Em ambos os casos o impacto deveu-se sobretudo ao fato de o homem ter sido
despojado do pedestal que ocupava no centro do universo. O homem foi ferido em seu
"ego" de ser superior, criado à imagem de Deus. Como poderia o "seu" mundo, criado
especificamente para seu conforto e domínio absoluto, ser considerado apenas um
pequeno objeto girando ao redor de um sol que, por sua vez, é apenas um dos muitos
bilhões de astros, que compõem o universo'? E... - o que é mais grave - como poderia
ser ele próprio apenas uma "opção" adaptativa surgida ao acaso, à mercê das mesmas
leis evolutivas que formaram e regem todos os demais seres vivos do planeta, desde
os ínfimos protozoários até os grandes primatas? Conta-se que a esposa do bispo de
Worce, ao tomar conhecimento da nova doutrina de Darwin, segundo a qual o homem
descenderia dos símios, teria exclamado estupefata: "Descender do macaco!
Esperemos que não seja verdade. Mas, se for verdade, é preciso que ninguém fique
sabendo!". De fato, essa foi a frase mais honesta que poderia ter sido proferida por um
representante da sofisticada e preconceituosa era vitoriana, atingida em seu ego
aristocrata... Imagine-se uma pessoa constantemente preocupada em proclamar e
defender sua alta linhagem, que a fazia sentir-se diferente e superior a todos que a
cercavam, de repente tomar conhecimento de que não só ela é igual aos outros quanto
à origem, mas ainda que o seu ancestral comum era um símio!
Por incrível que possa parecer, entretanto, vários pensadores pretenderam usar
a teoria da seleção natural e da "Luta pela vida" para explicar a evolução da sociedade
humana, da criação de "elites sociais", e justificar superioridades e inferioridades
raciais como decorrentes de um processo de seleção do mais apto. Essas teorias
deram origem a um conceito muito difundido no século passado - mas ainda hoje
defendido por muitos -, denominado darwinismo social, que, entretanto, nada tem que
ver com os princípios defendidos por Darwin.
A EVOLUÇÃO MORAL DO HOMEM
A espécie humana, uma vez que atingiu um alto grau de desenvolvimento da
inteligência, praticamente deixou de se submeter às leis da evolução biológica e da
seleção natural, por duas razões principais que serão aqui discutidas.
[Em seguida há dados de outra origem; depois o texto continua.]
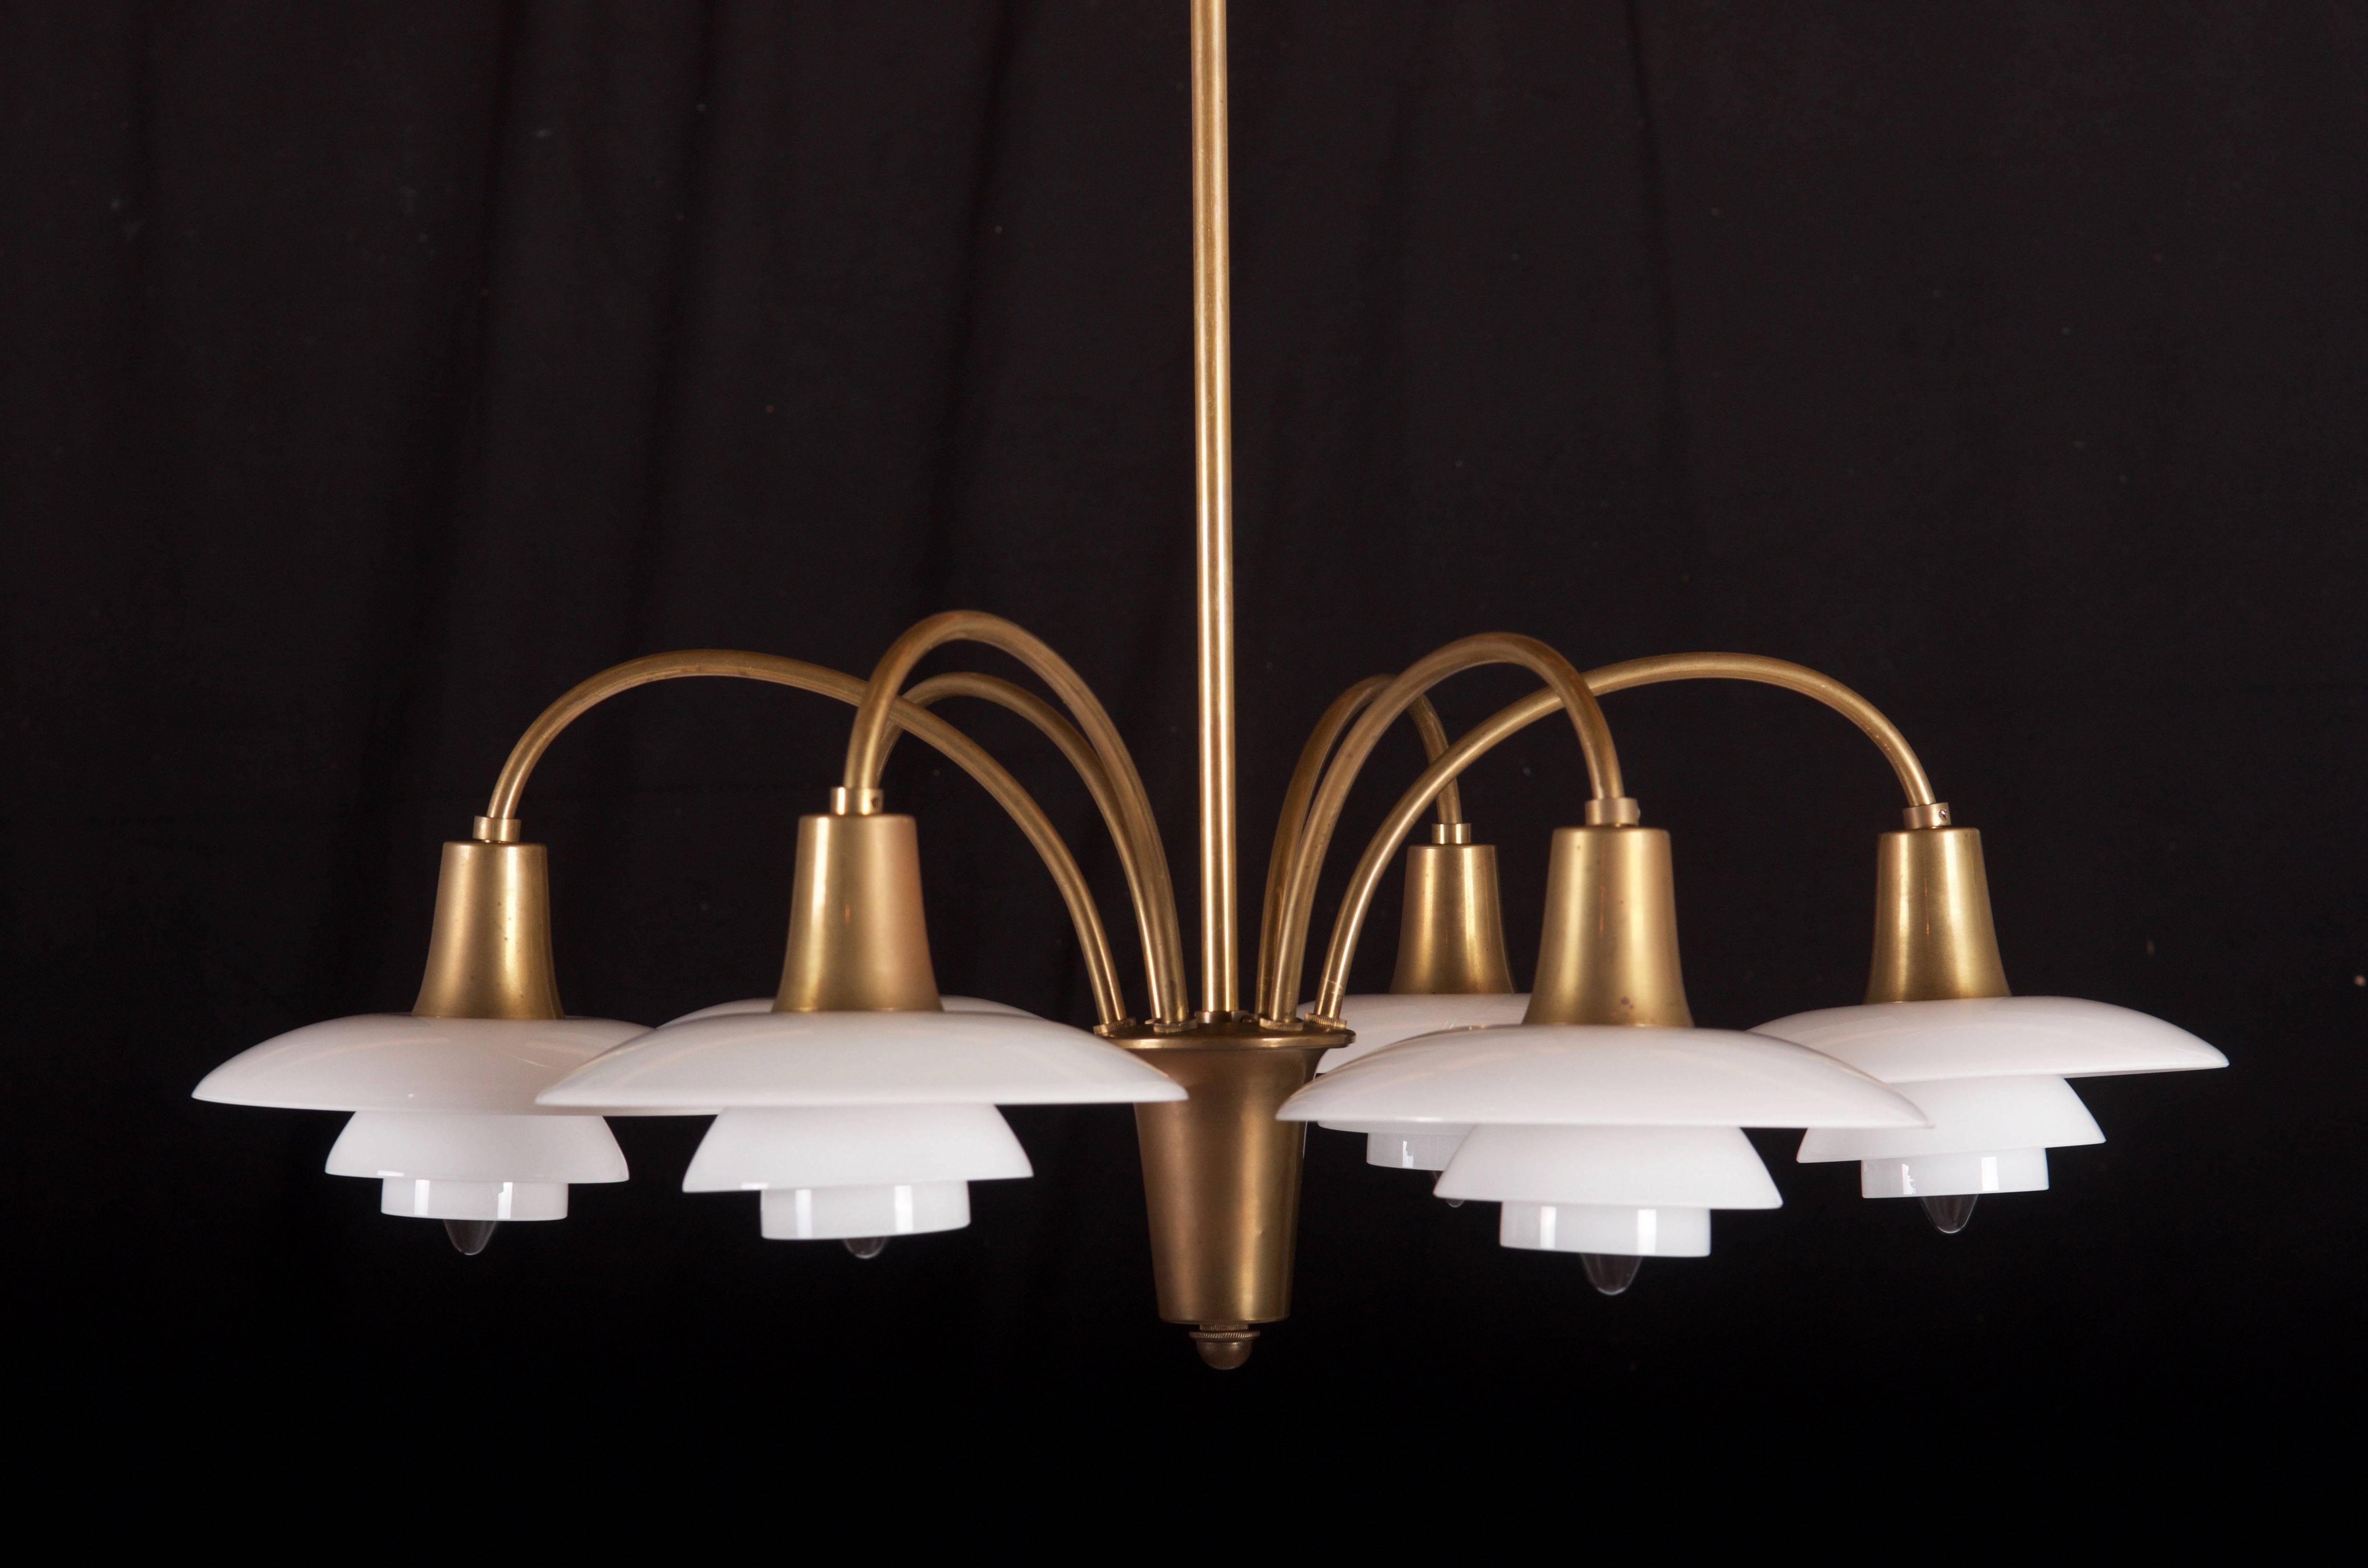 Originally designed by Poul Henningsen for Louis Poulsen in the 1930s. An exceptional example of the design. Bombardment chandelier with six branches, brass frame, conical socket covers, wire shade holders with 2/1 opal glass shade sets. This

A primeira razão é que o homem, a partir de um certo estágio de seu
desenvolvimento "tecnológico", passou a suprir, por meio de seus próprios artifícios
técnicos, as dificuldades que encontrava em adaptar-se às mudanças do meio
ambiente e as deficiências que tinha com relação à sobrevivência. Assim, ao se
defrontar com os rigores do frio, ele fabricava roupas, abrigava-se em casas e utilizava
o fogo. Na ausência de alimentos próximos, passou a plantar e a criar animais.
Começou a descobrir remédios para suas doenças. Ora, já vimos que, no processo
evolutivo, o principal fator determinante é a pressão exercida pelas modificações
ambientais, no sentido de selecionar aquelas mutações que melhor se adaptem ao
ambiente; mas se o homem, por força de seu poder inventiva, se adapta artificialmente
às modificações do meio, a pressão desaparece, isto é, as pequenas mutações que
porventura ocorrerem permanecem "inaproveitáveis", sem efeito.
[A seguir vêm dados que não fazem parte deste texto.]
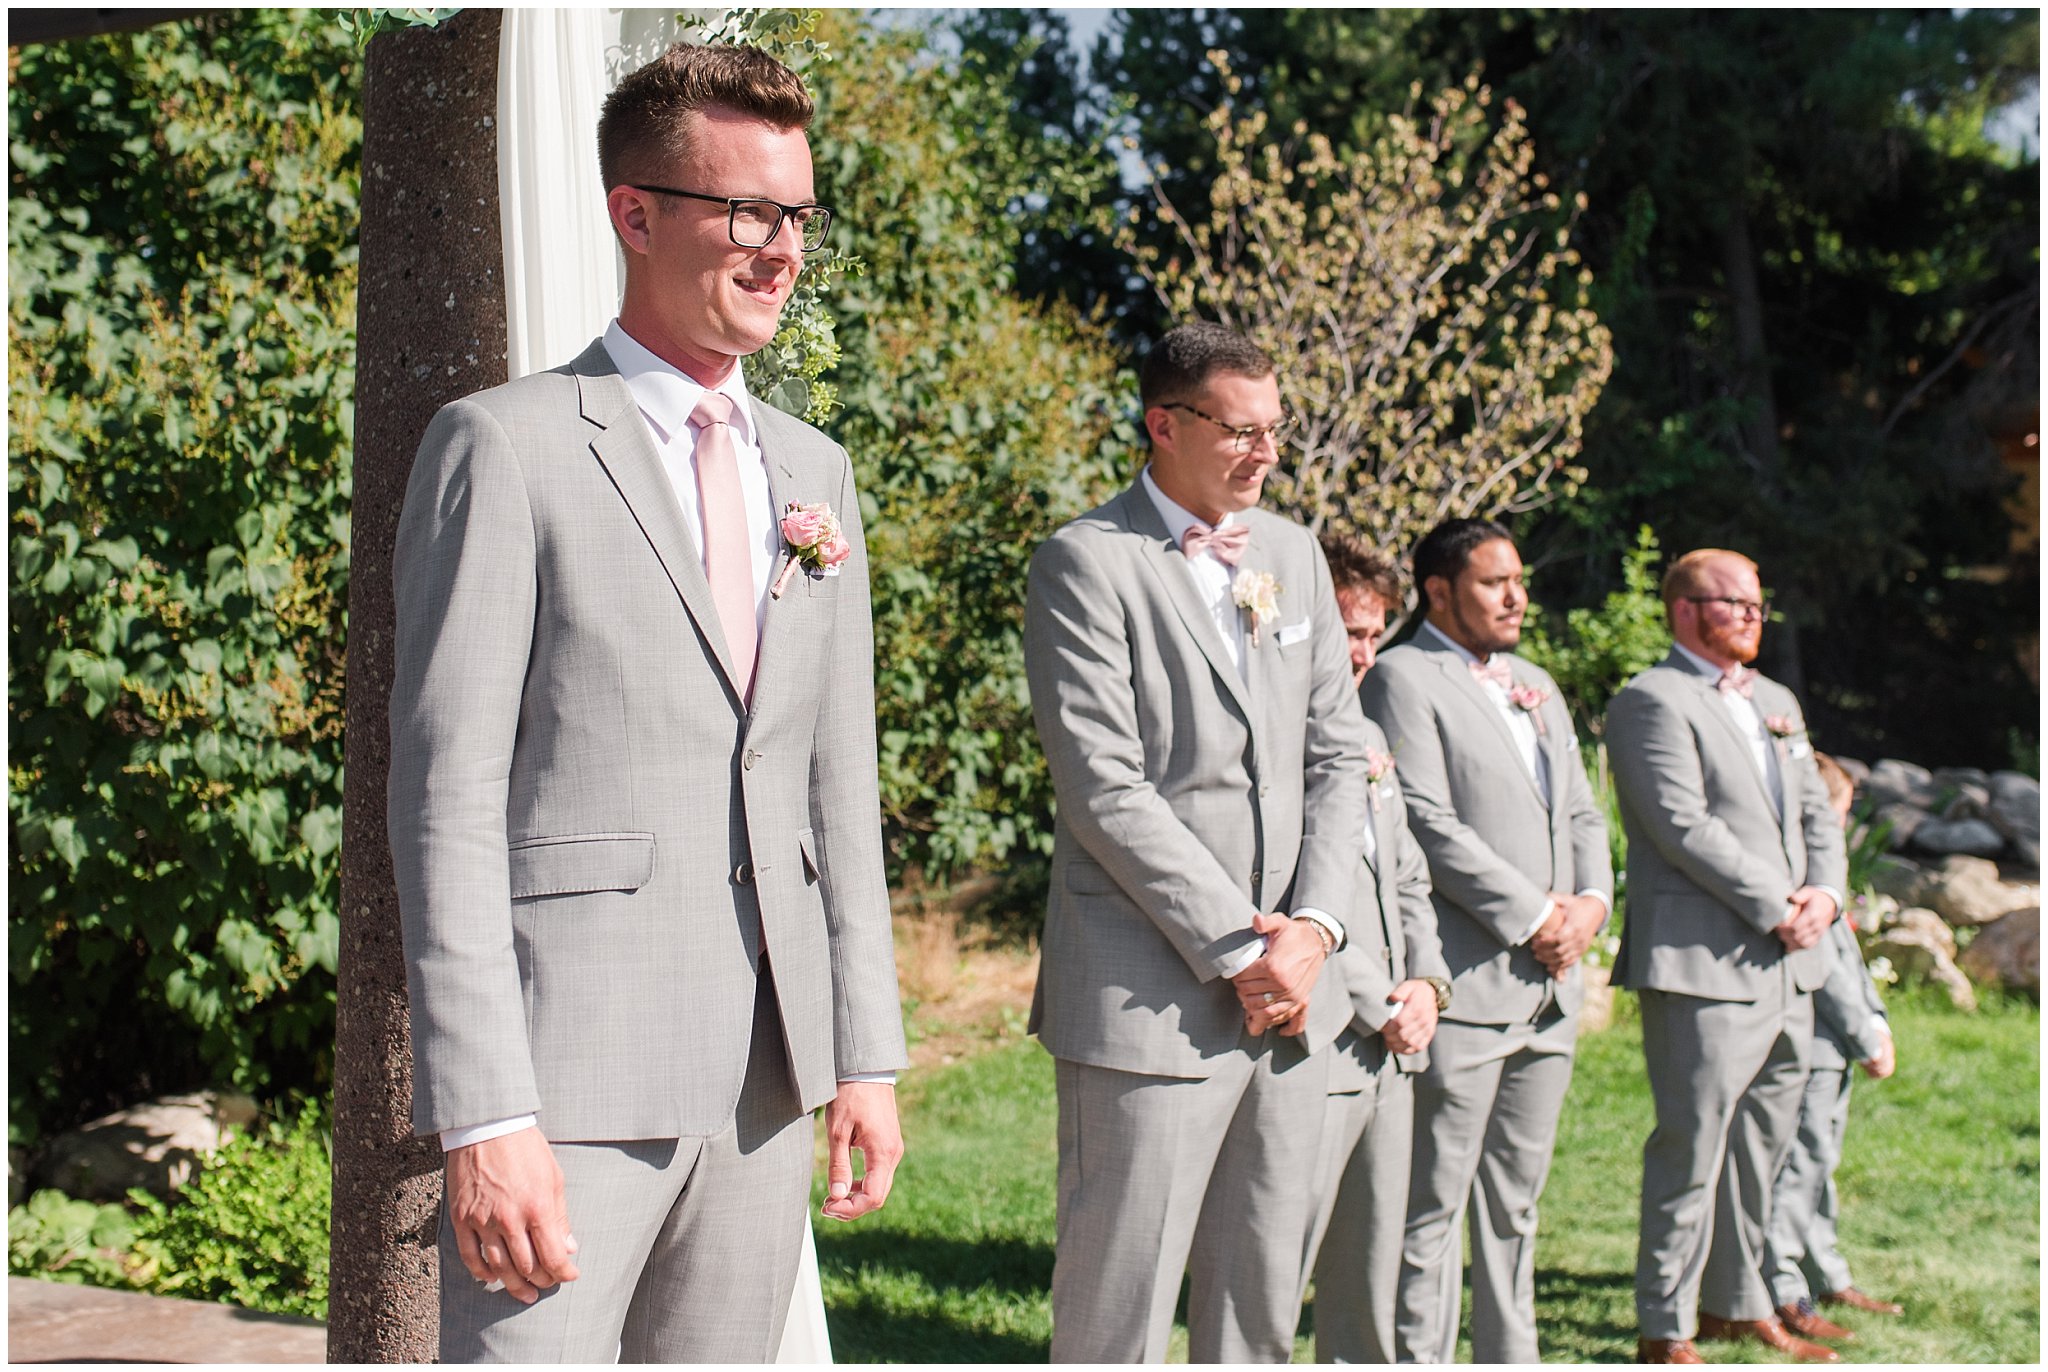 Groom sees bride for the first time | Oak Hills Utah Dusty Rose and Gray Summer Wedding | Jessie and Dallin Photography

As principais razões que levam um animal a morrer, em condições naturais, são:
a perda dos dentes, a redução da visão, a perda gradual das forças físicas e o aumento
de suscetibilidade às doenças. O homem inventou instrumentos e processos para
"corrigir" cada uma dessas deficiências. Quando não tem dentes, ele tritura ou cozinha
previamente os alimentos, de modo a amolecê-los, ou então fabrica dentes postiços;
para a falta de visão, ele se utiliza de lentes e, para as doenças, produz remédios. Com
esses recursos, ele conseguiu prolongar e tornar muito mais segura a vida humana e
conquistar espaços onde dificilmente outras espécies se adaptariam, sem a
necessidade de sofrer mudanças biológicas através dos processos seletivos naturais.
A segunda razão é, porém, ainda mais importante: o progresso cultural do
homem foi acompanhado de um desenvolvimento moral, em que a competição e a luta
pela vida tendem a ser substituídas pelos sentimentos de solidariedade. Certamente,
ainda não atingimos o auge desse desenvolvimento, pois presenciamos, ainda em
nossos dias, guerras fratricidas e competições acirradas por posições de destaque na
sociedade. Mas a evolução humana vem se dando nesse sentido, e é inegável que
contamos, já hoje, com leis e sistemas de garantia dos direitos individuais, direitos
esses que foram estabelecidos, ao longo da história da humanidade, num processo
inegável de evolução ética. Fundos sociais, embora ainda precários, garantem a
sobrevivência dos indivíduos "menos aptos" da sociedade, tais como inválidos, órfãos,
deficientes mentais e outros que, se sujeitos simplesmente às leis naturais de seleção
do mais apto, teriam inevitavelmente desaparecido.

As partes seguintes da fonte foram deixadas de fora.